Ramone Johnson (born October 10, 1982), better known by his stage name Cashis (stylized as Ca$his), is an American rapper  who was born and raised in Chicago, but moved to Irvine, California. He was most notably featured on the Shady Records album Eminem Presents: The Re-Up with Eminem and the record label, and released The County Hound EP in 2007. The County Hound EP sold 6,700 copies in its first week and debuted on the US Billboard 200 at number 106. He's best known for appearing on Eminem's song, "You Don't Know", featuring 50 Cent and Lloyd Banks.

In August 2011 on his mixtape Rooftop Series Vol.1, in the intro, Cashis revealed that he was leaving Shady Records, but is remaining with Bogish Brand Entertainment. After many delays, his solo debut album, The Art of Dying, was released independently on October 30, 2012, but failed to chart.

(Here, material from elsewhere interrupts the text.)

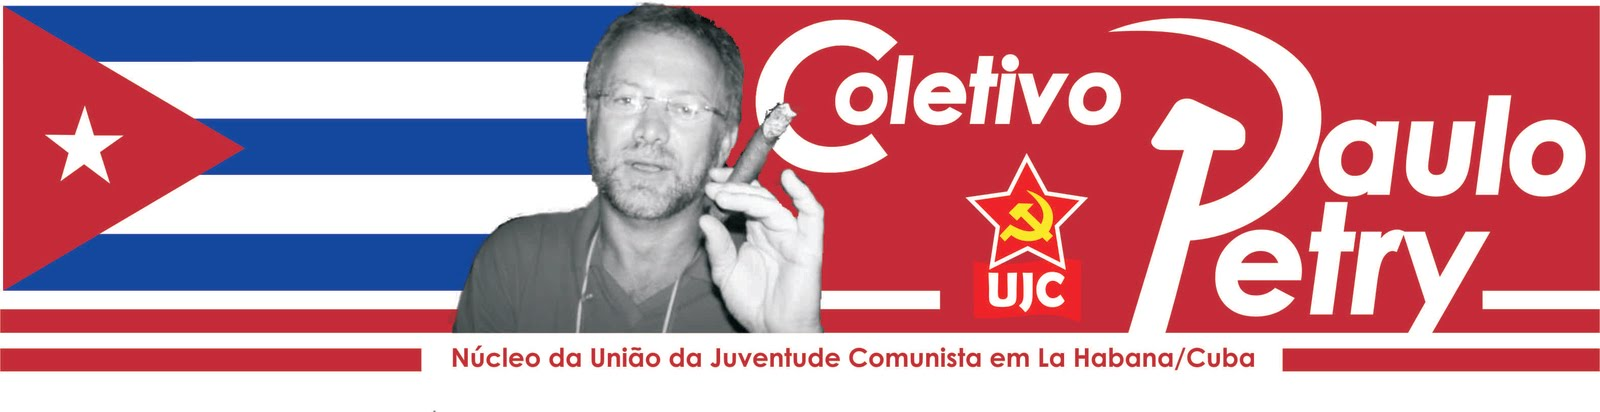 União da Juventude Comunista (UJC) em Cuba - Coletivo Paulo Petry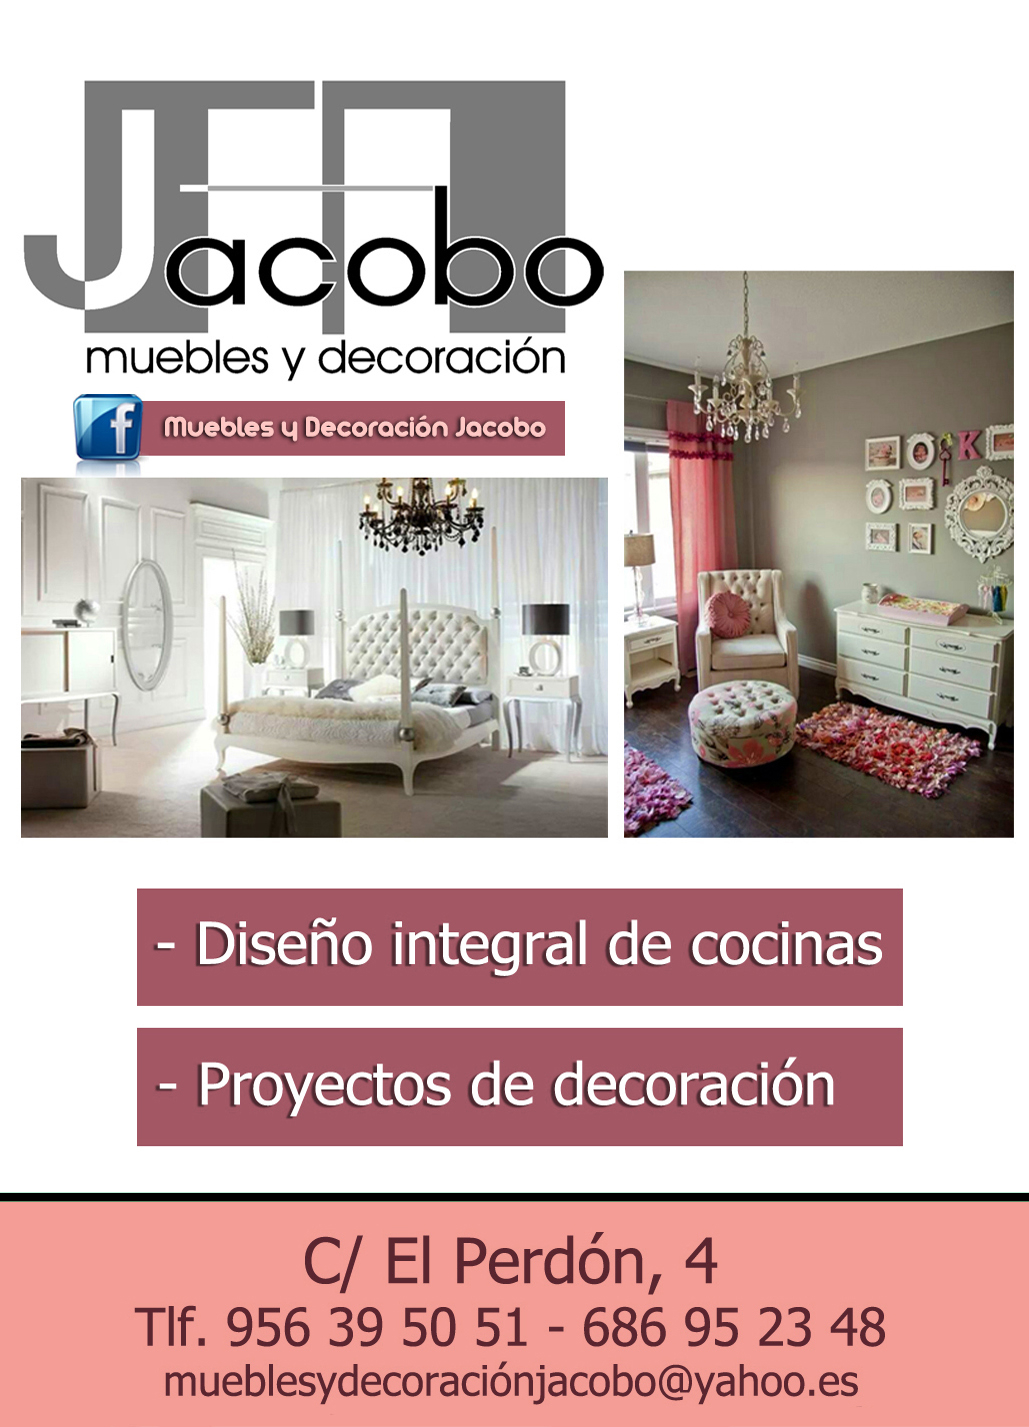 Muebles y electrodom sticos conoce trebujena for Bautista muebles y decoracion

On October 15, 2013, he released his second studio album The County Hound 2, which contained significant production from Eminem and was supported by five retail singles.

Musical career

1997–2006: Beginnings and signing to Shady Records 
Cashis first got into rapping by freestyling with his cousin at the early age of 12. At the age of 14, he went to the studio for the first time and professionally recorded his first song. Around age 17, he got serious about rapping and would go around the Los Angeles and Orange County area participating in rap battles under the name "Lil Ramone".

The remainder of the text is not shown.